Out on Christmas Day, “Bridgerton” is the first release from Rhimes’ production company Shondaland since she signed a multiyear deal with Netflix in 2017. The period-piece romantic drama, narrated by Julie Andrews, is ripe with scandal, illicit affairs, intrigue, pining, longing, etc.; all the good makings of a Regency rom-com. Page is the male lead who plays the handsome and charming Duke of Hastings Simon Basset, a renowned bachelor who agrees to fake a courtship with the season’s most desired bride, Daphne Bridgerton.

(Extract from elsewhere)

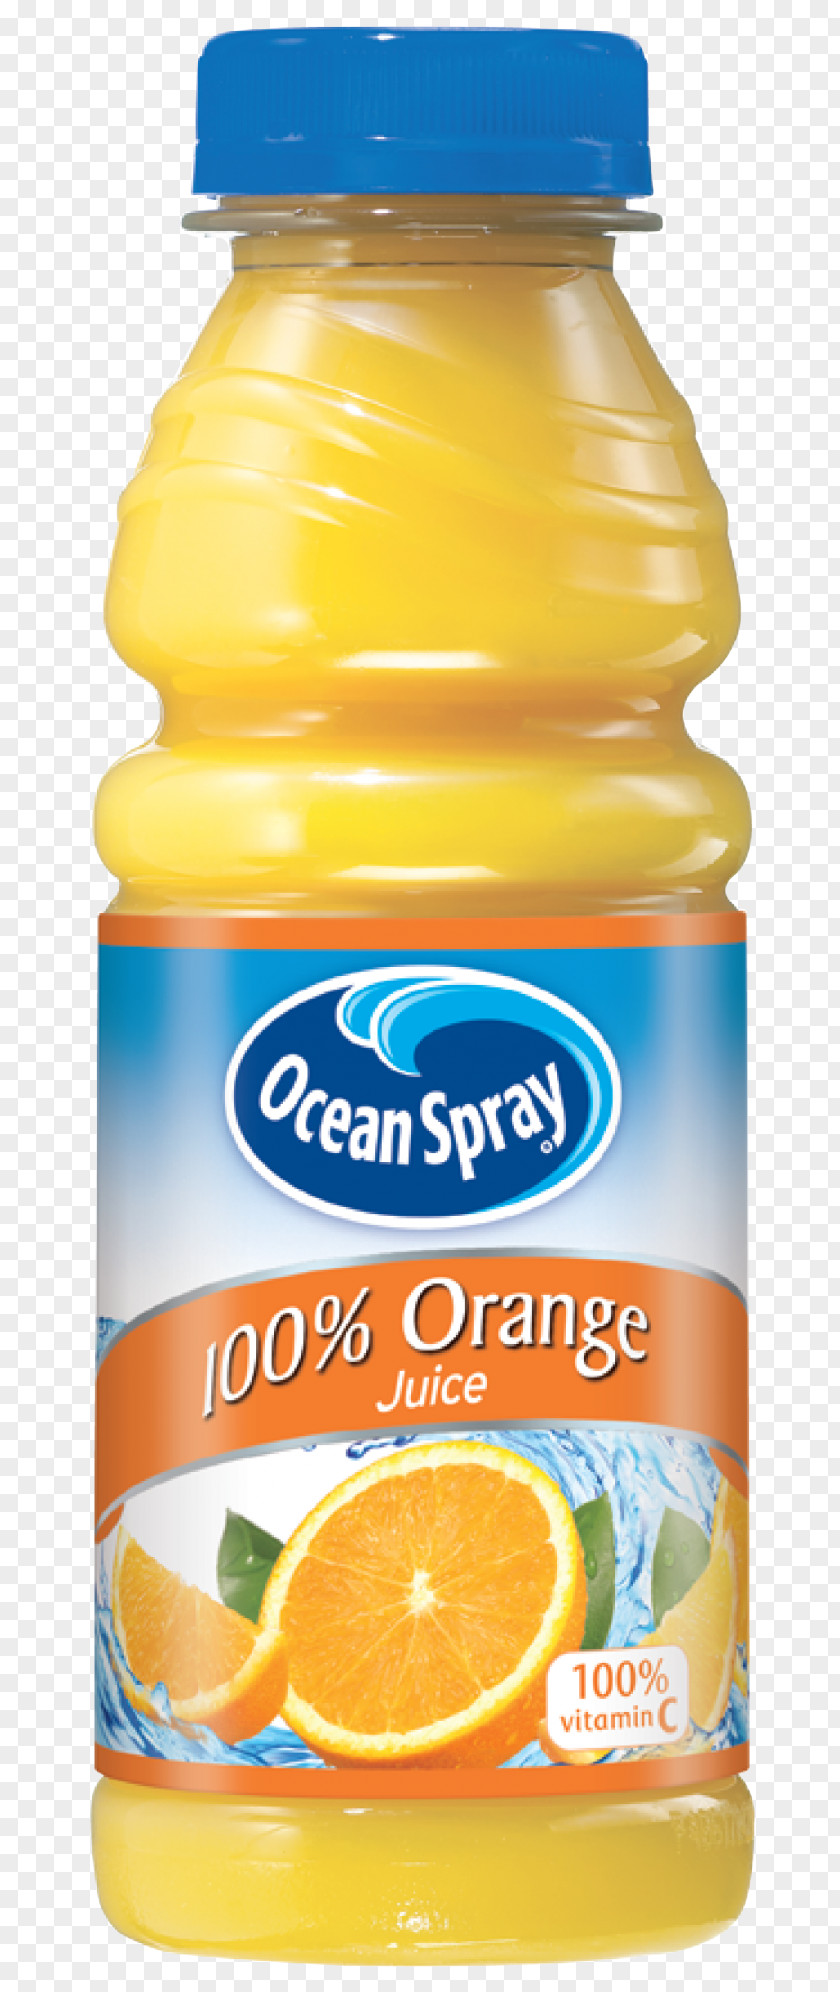 Juice Orange Ocean Spray Tropicana Products PNG

But “Bridgerton” is not the average period piece — it is modernized in gender, race and class at several points, something that Page says drew him to the project.
“Being a Brit, you make a lot of period dramas,” Page says. “Seeing period drama with a modern point of view, a modern energy, a point of view that encapsulates where we’ve come from, from a feminist viewpoint, and putting its female protagonist front and center, was super interesting to me. And then on the flip side of that, how we then examine our masculine anti-hero and what masculinity is, and where we’ve come in that conversation in the last years — because we’ve come a long way in terms of what makes a male hero or a romantic icon in a show like this — and how we can deconstruct that and build it back up again through Simon’s journey. That fascinated me.”
Read more: Behind the Costumes of “Bridgerton”
Page grew up in Harare, Zimbabwe, before moving back to the U.K., where he was born, for secondary school. He’s been tethered to Los Angeles (as much as any rising actor can be) since 2016, when he came to the U.S. for the 2016 History channel production of “Roots,” starring alongside Forest Whitaker and Laurence Fishburne.
“My introduction to the United States was plantations in Louisiana,” he says. “It was delightful.”
Performing, either through acting or music, has always been his outlet. He went to a Saturday acting school as a child, which led to a few acting jobs — “my favorite hobby which occasionally paid me, which was nice,” he says — before he realized it was something he could actually pursue “as an actual thing.” Then came drama school, a few jobs, one after the other, before he ended up on Rhimes’ radar.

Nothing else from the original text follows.